Engineering Design Process for Mechanical Engineers
How real mechanical designs progress from vague 'I want to make this' to fully fleshed out hardware. Focus on decisions, iteration, and real-world constraints that junior engineers face moving from theory into actual practice.
Most guides to the engineering design process paint a clean and linear picture. Reality is far from it. Design starts with a hazy understanding of requirements, making key decisions before all of the relevant information is available. It then iterates over time, gradually producing something that works, can be produced, and will actually stand up under use.
⚙️ What the Engineering Design Process Actually Is
The engineering design process is not something you complete and put in your trophy case. Instead it is an ongoing decision process that evolves with your project as you learn new things. While it is desirable to work on idealized problems where everything can be defined perfectly at the beginning, most real-world problems require revisiting prior decisions as new information comes to light. This information might come from a test not previously performed, a supplier that is unable to meet a specified requirement, or manufacturing realities that were previously unknown but are revealed only when prototype hardware is inspected.

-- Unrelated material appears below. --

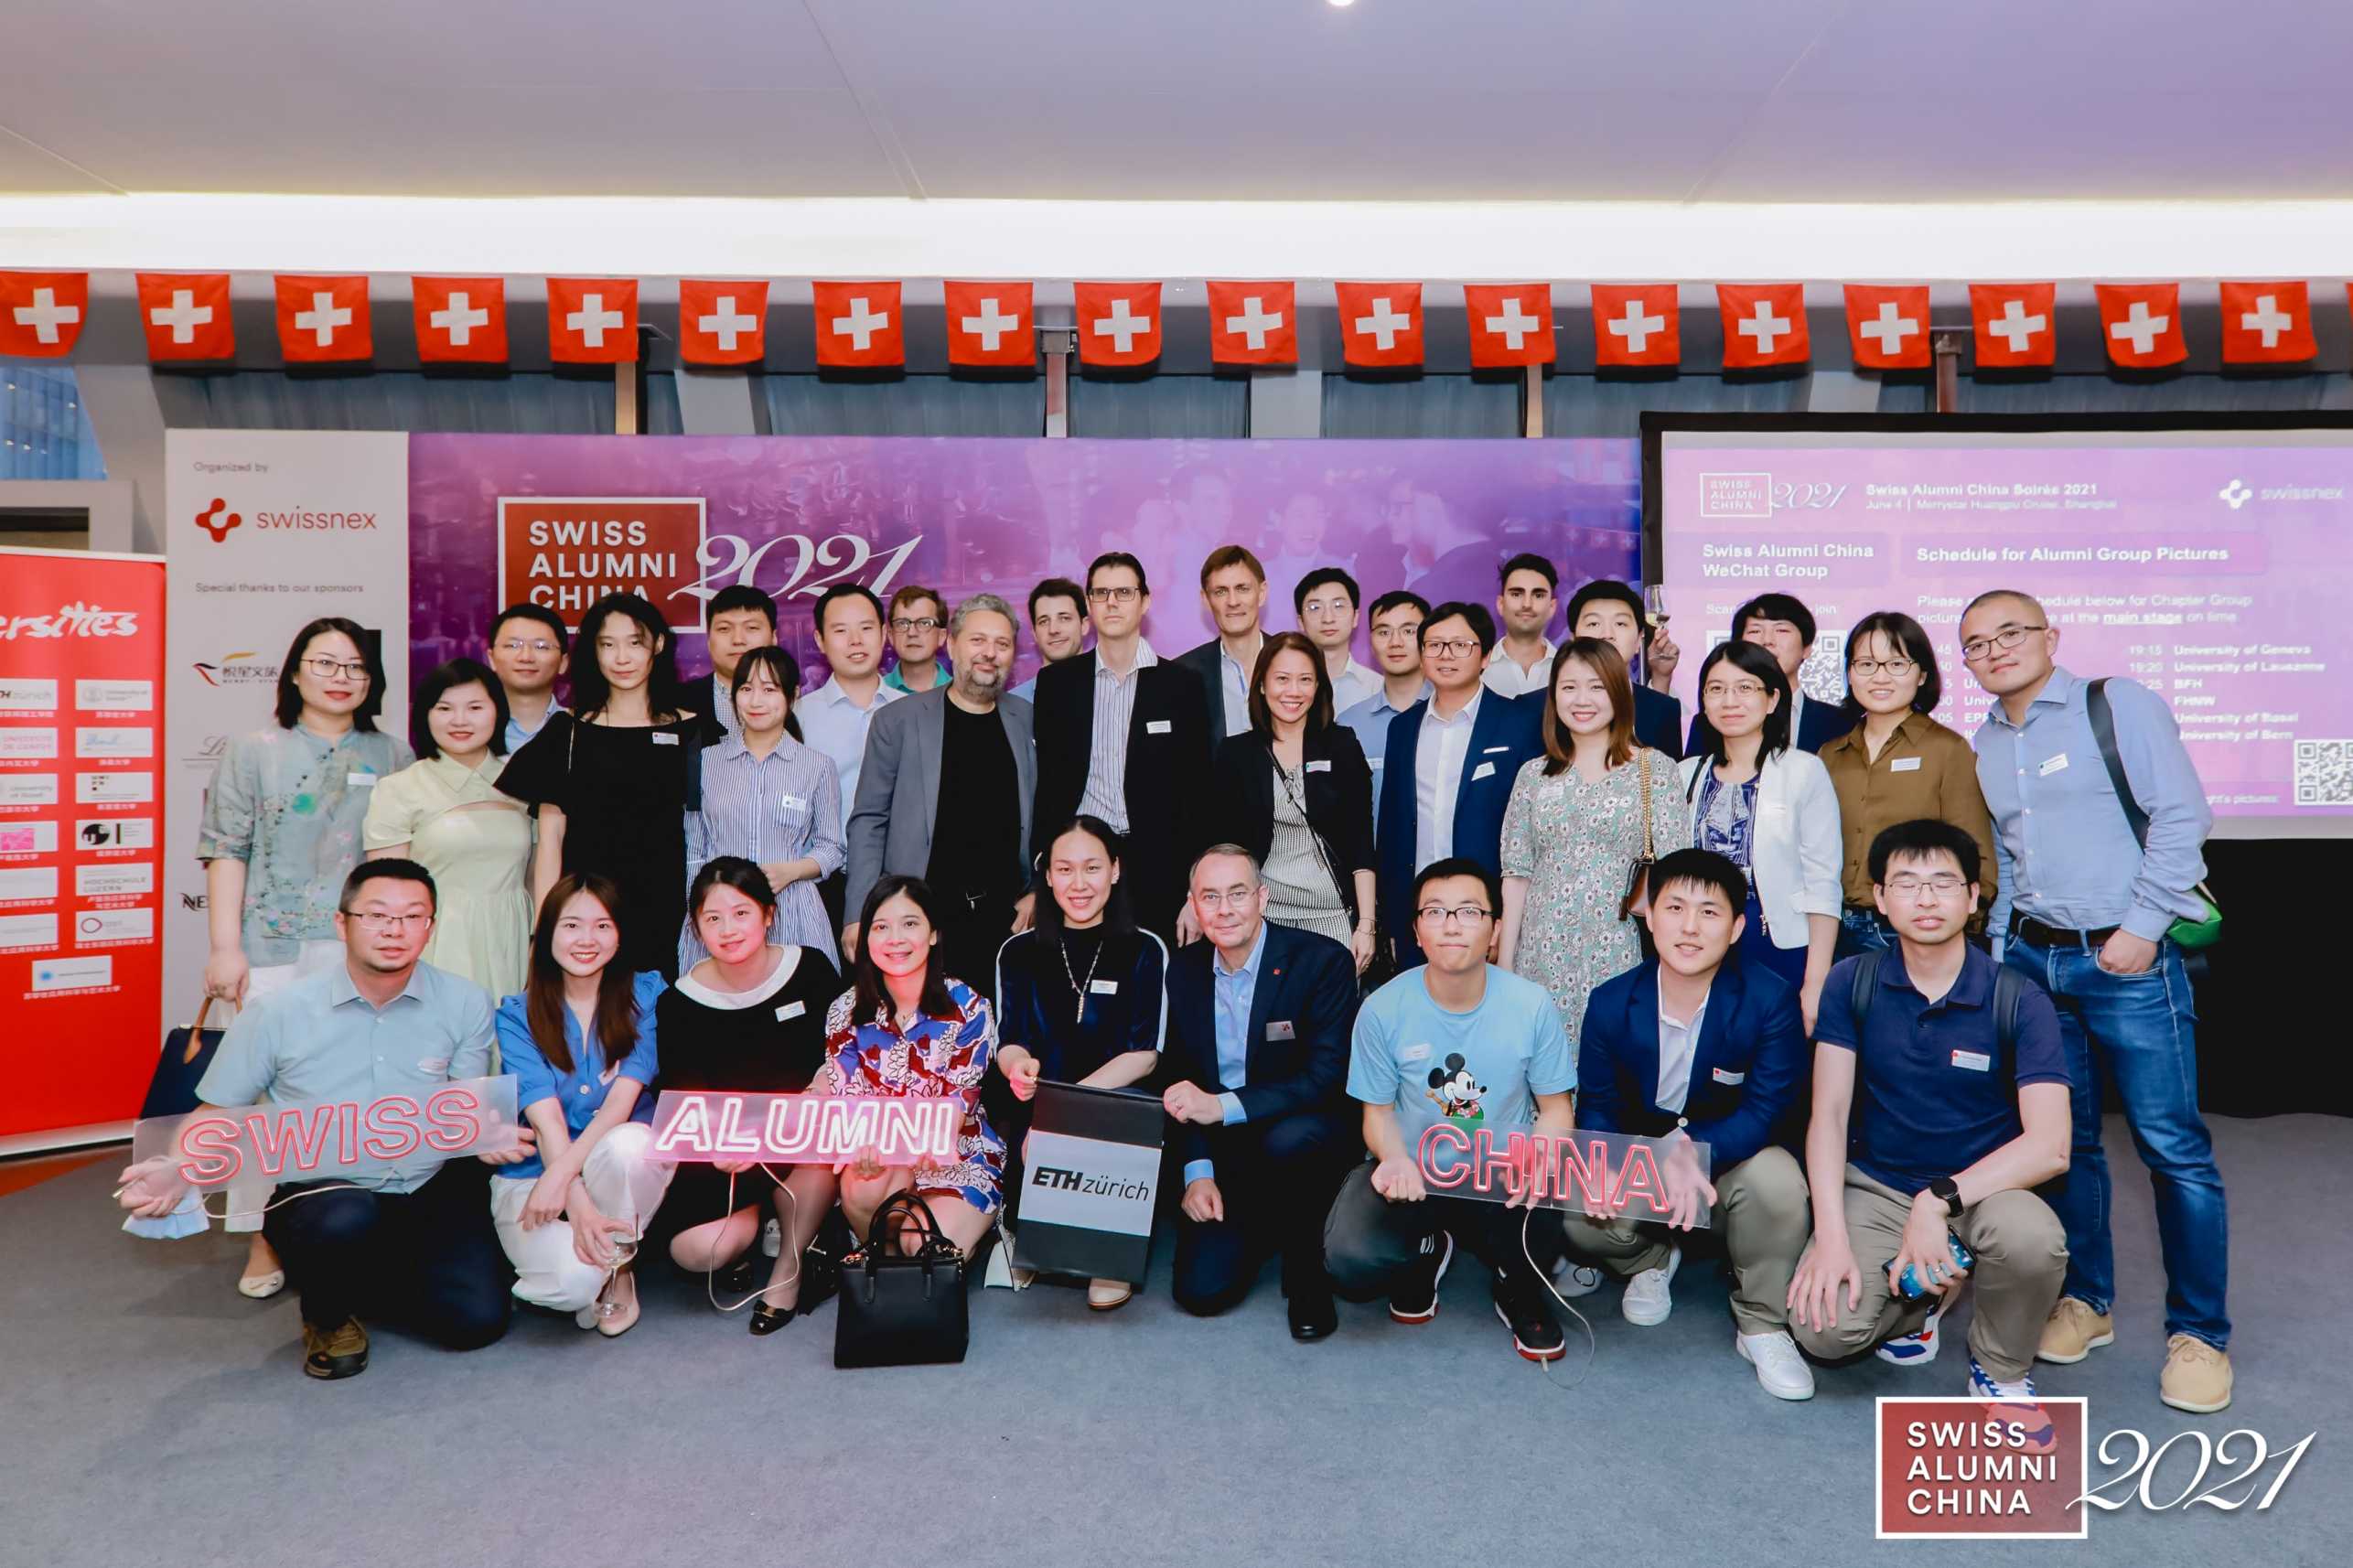 Enlarged view: ETH Alumni Shanghai Group Picture on Swiss Alumni China 2021

Your design goal is not the "perfect design" that equals ideal performance in all characteristics. In fact, the better goal is for a design that works as needed, is practical to build, and safely withstands the conditions under which it will be used. There are always trade-offs required involving performance, cost, schedule, manufacturability, and reliability. What you want to do is make these decisions on a rational basis rather than by luck.
Key Insight: Iteration is your friend, not the enemy—it is the default mode for product design and iteration is not a sign of failure. Your initial design decisions will invariably be made with incomplete information, and subsequent testing, analysis, and supplier input will then be used to iterate on those initial decisions to arrive at the best final solution. Design Process is how you manage your ignorance before arriving at a solution.
🎯 Start With the Problem, Not the CAD Model
⚠️ Common Mistake: Opening CAD before understanding the problem you are trying to solve. Geometry can be seductive, looking very active in producing something which appears to be progress, but it is not until much later that you realize you have redesigned your solution to the wrong problem around the wrong parts—thus redesigning the same thing three times in total.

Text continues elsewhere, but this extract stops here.